He was given a basic checkup like most doctors like to do and once the doctor concluded that he was in good physical condition (which of course he was; he's a racehorse) the doctor took a look at his foot/paw/hoof/horse walking appendage. After running some tests, the doctor concluded that this was certainly cancer and had it sent in to the lab for further testing.

So a week went by and finally the white horse got a call from his doctor. the doctor told him that the lump on his foot was in fact cancerous and not just that, it was malignant. The doctor predicted that he had little over 3 months to live. Hearing this news put the white horse into a terrible spiral of drinking and depression. He sat around all day, unable to come to terms with the fact that his life was soon to be over. After an intervention by his owner, parents, the black horse and some of his old friends, the horse decided that he wanted to make something of his life; a legacy to leave so that people would remember him. As luck would have it, his old personal trainer who was a mouse had flown in from his home in Chicago for the intervention. The white horse knew he had a favor to ask of his old comrade, so he said to the mouse, "Before I die, I would like to accomplish one more thing--something that everyone will remember." 
The mouse replied, "Well, that's wonderful, but why are you telling me this?" 
The white horse said, "I want to beat the black horse and you're the only one who can help me." 
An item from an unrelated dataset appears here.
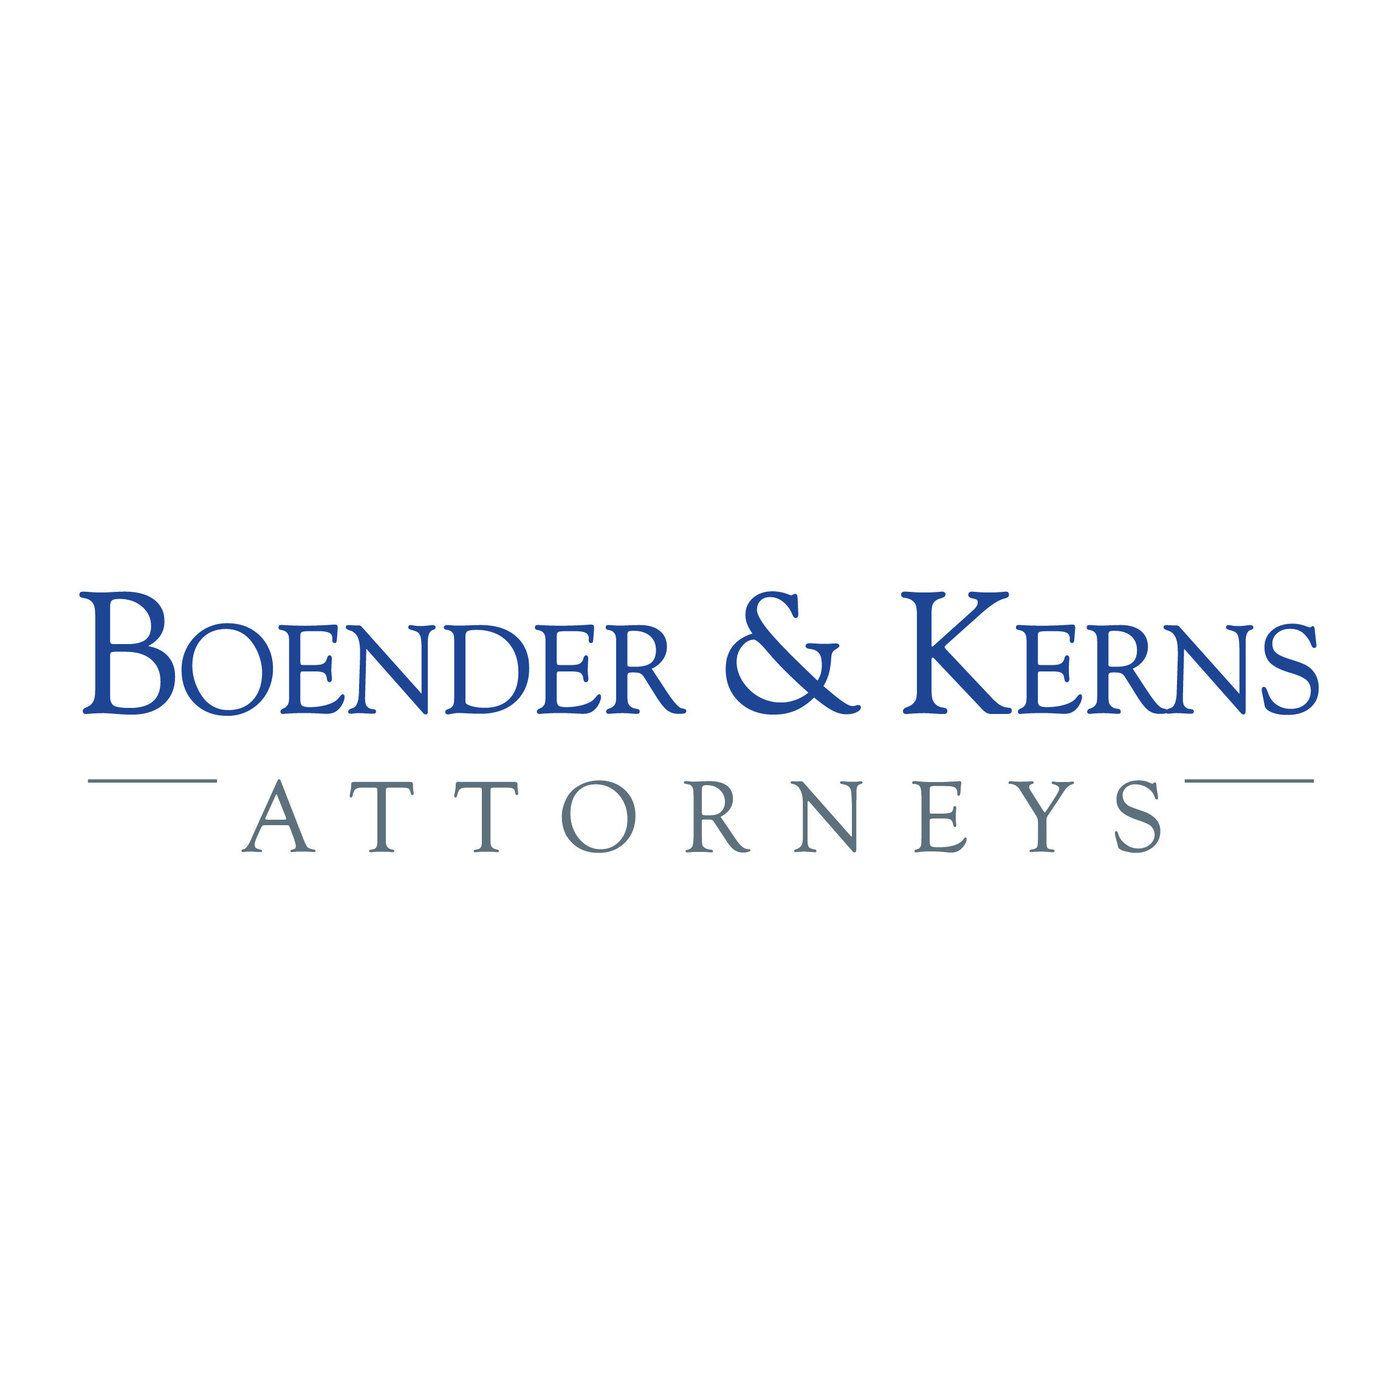 Kearns Logo - Boender & Kearns Logo Design By Susan Petruska Garzon At Coroflot.com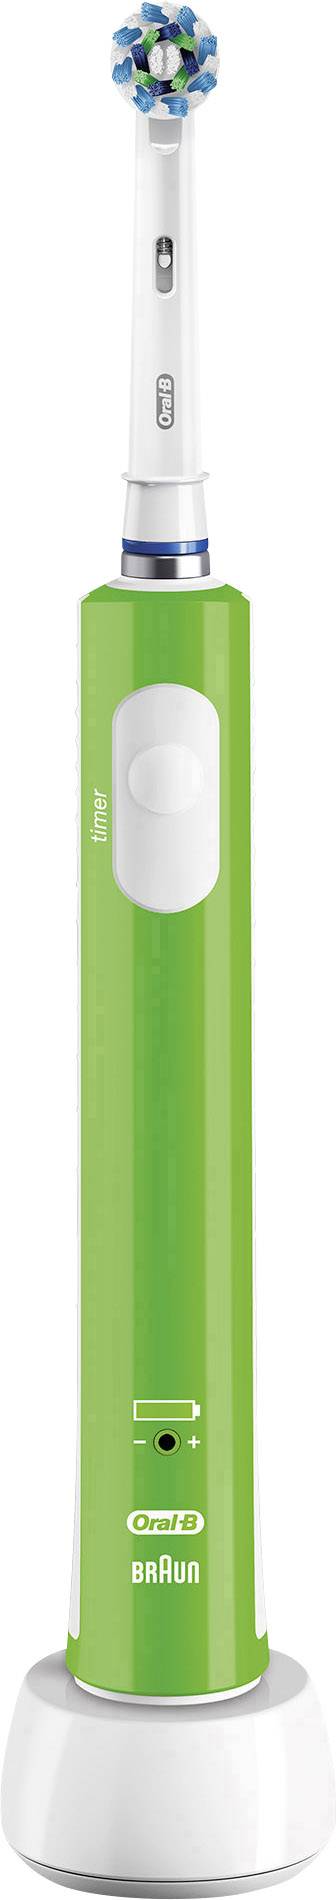 Oral-B Pro 600 Cross Action green Pro 600 Action green toothbrush Rotating/vibrating | Conrad.com

Unfortunately, by now the black horse was the greatest racehorse to ever live and the white horse had about a month before he was start to become weak from the cancer. So, for 3 weeks, the mouse and the horse trained nonstop and finally on the last week of having any where near the amount of strength needed to beat the black horse the white horse declared his challenge to his best friend and nemesis. The black horse said to the white horse "white horse, you are my best friend and I will not sit back and just let you have this victory. If you want it, you're gonna have to run like you've never run before."

So the horses got on the starting like and some funny little guy with a bucket of chicken and a white beard fired a shot in the air, starting the race. The black horse and the white horse took off running. It all came down to the end. They were neck and neck for the first two laps and on the final lap, the white horse reached deep inside himself unleashing every bit of strength and heart he had in him and pulled ahead in time, for a win by the tip of his nose. The black horse was astonished. He exclaimed "Wow, white horse, I didn't think you had it in you! You've never beat me before!" 
The white horse panted back, "I owe it all to my friend and personal trainer, the mouse"
The mouse ran over to congratulate his student. He cheered, "Great job white horse, you worked really hard for this and it paid off for you in the end!"
Upon hearing these kind words from his respected trainer, the white horse exclaimed...
"HOLY SHIT, A TALKING MOUSE?!"


----------



## Encephalon5 (Feb 28, 2011)

If you're just now coming in to this read the first few pages to get an idea of what anti-jokes, or un-jokes are.


----------



## ddtonfire (Feb 28, 2011)

What happens when the anti-jokes thread runs out of anti-jokes?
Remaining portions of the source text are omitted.